▶ Assignment
Output the entries exactly as they appear. Pictures should not be included.
________________________________________
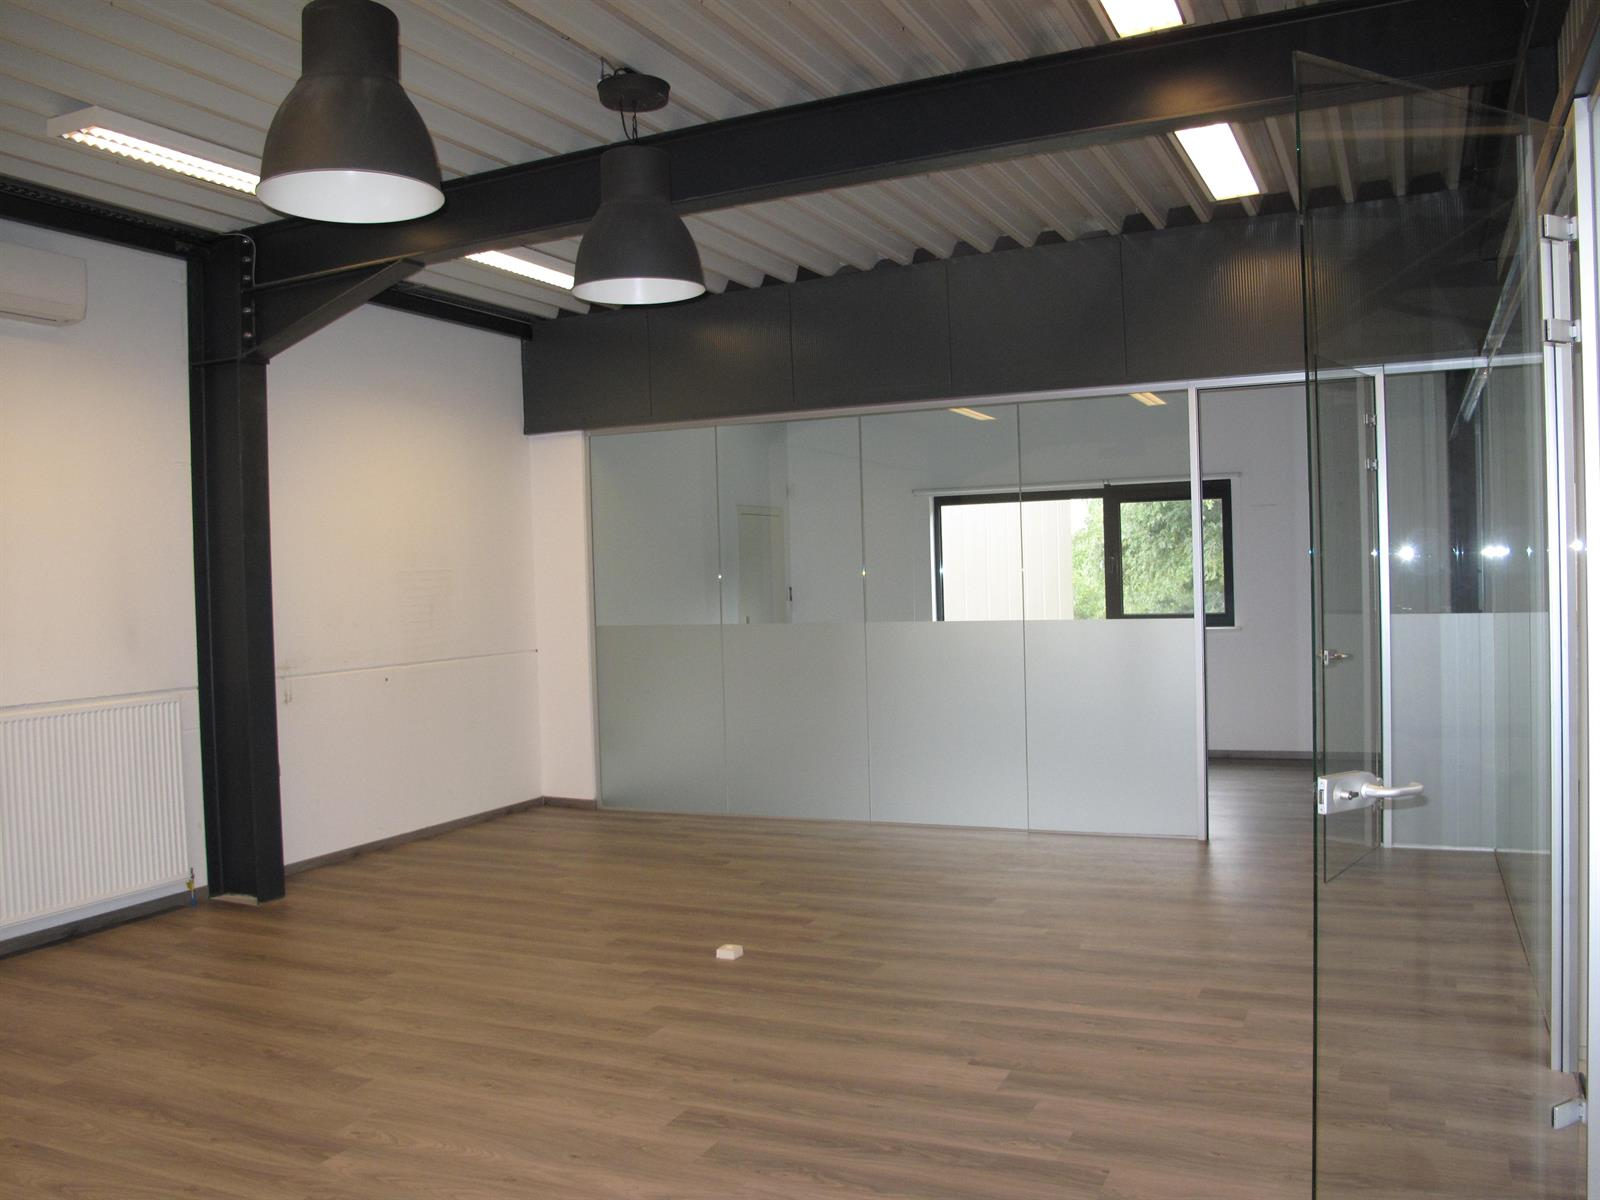 kantoren & magazijn te huur I136 - Oostmalsesteenweg  106 2A, 2520 Ranst Emblem, België 4
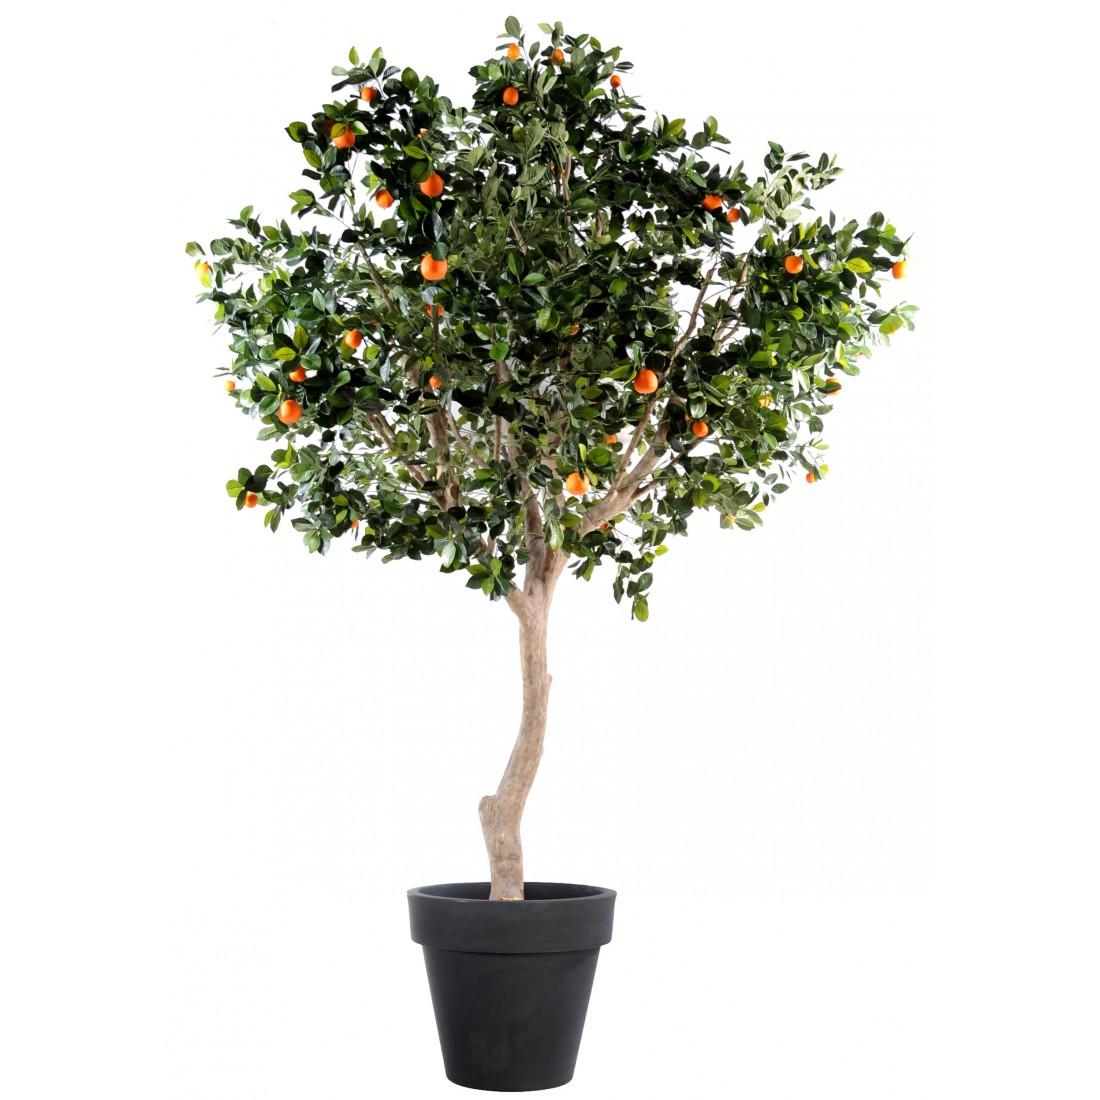 oranger artificiel arbre large 280 cm fruitiers artificiels m 233 diterran 233 ens reflets nature lyon
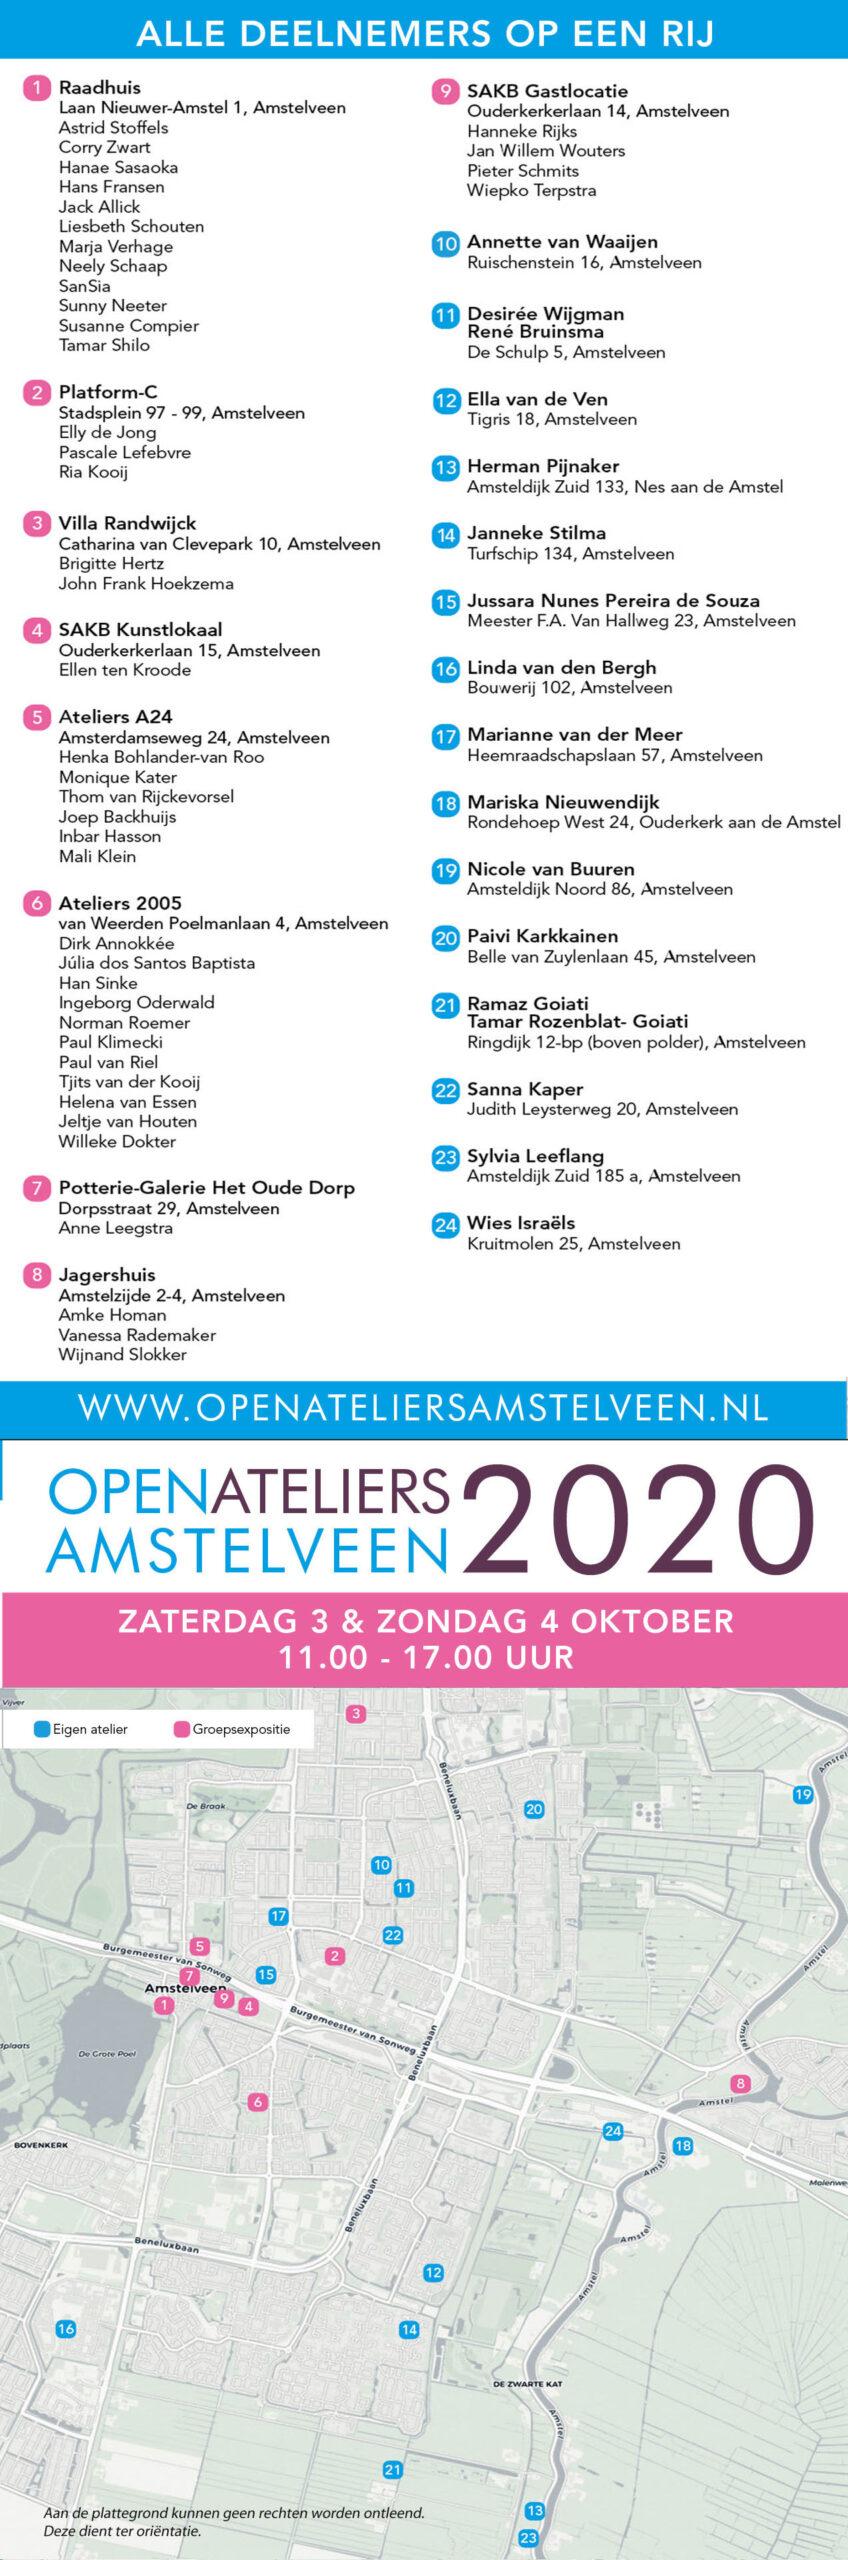 plattegrond open atelierroute amstelveen 2020
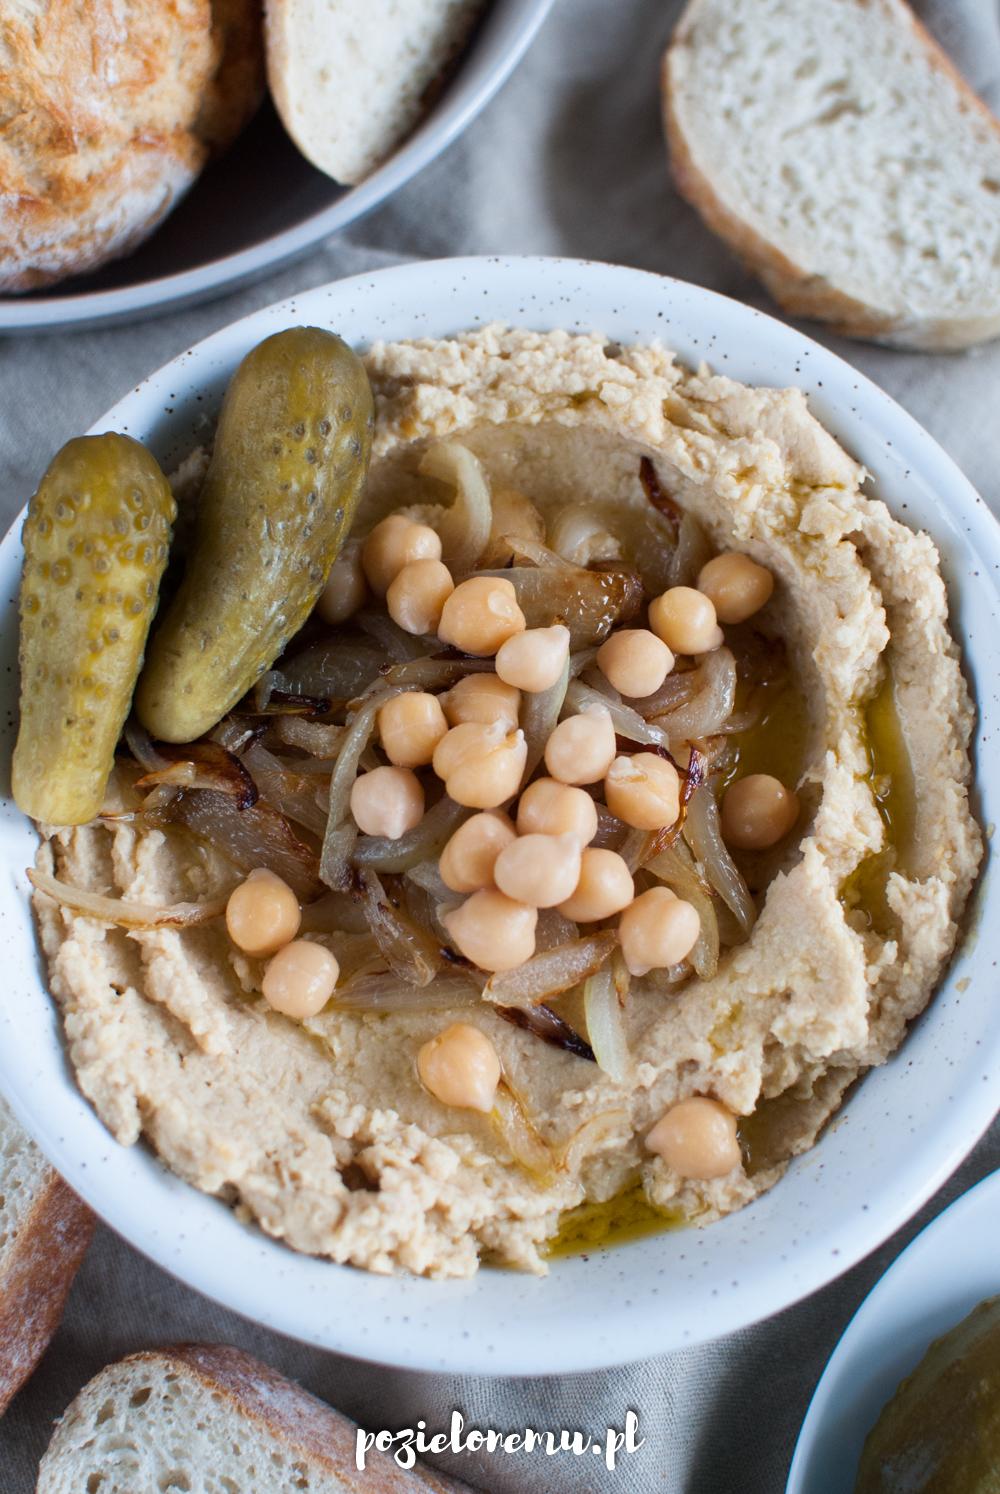 Hummus po polsku, czyli hummus cebulowy
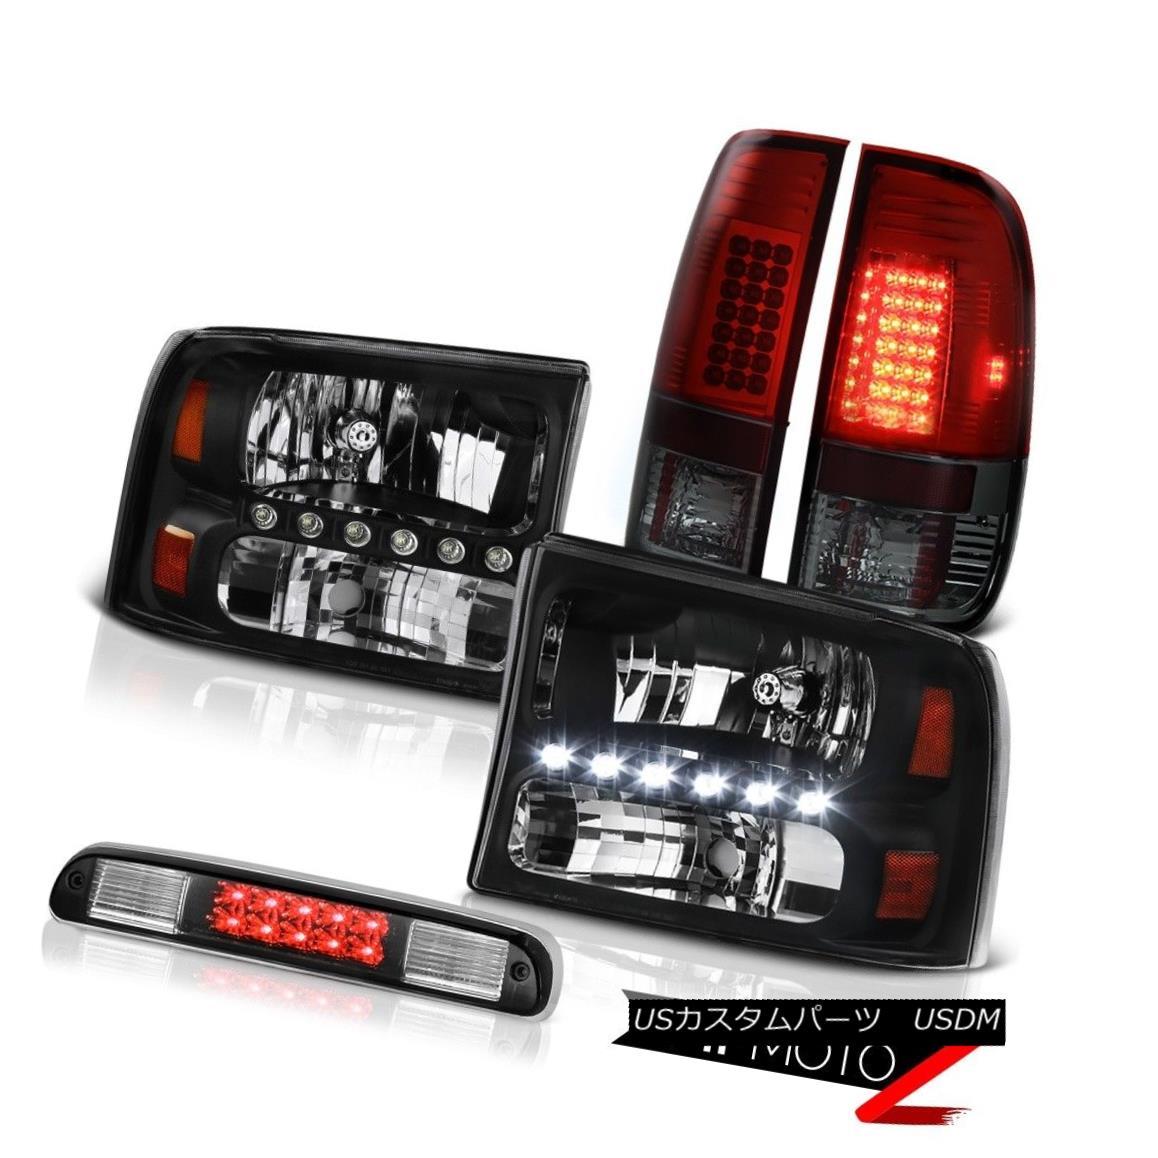 ヘッドライト Pair Black Headlights SMD Tail Lights High Stop LED 99 00 01 02 03 04 F350 6.0L ペアブラックヘッドライトSMDテールライトハイストップLED 99 00 01 02 03 04 F350 6.0L
________________________________________
▶ Solution
 kantoren & magazijn te huur I136 - Oostmalsesteenweg  106 2A, 2520 Ranst Emblem, België 4
 oranger artificiel arbre large 280 cm fruitiers artificiels m 233 diterran 233 ens reflets nature lyon
 plattegrond open atelierroute amstelveen 2020
 Hummus po polsku, czyli hummus cebulowy
 ヘッドライト Pair Black Headlights SMD Tail Lights High Stop LED 99 00 01 02 03 04 F350 6.0L ペアブラックヘッドライトSMDテールライトハイストップLED 99 00 01 02 03 04 F350 6.0L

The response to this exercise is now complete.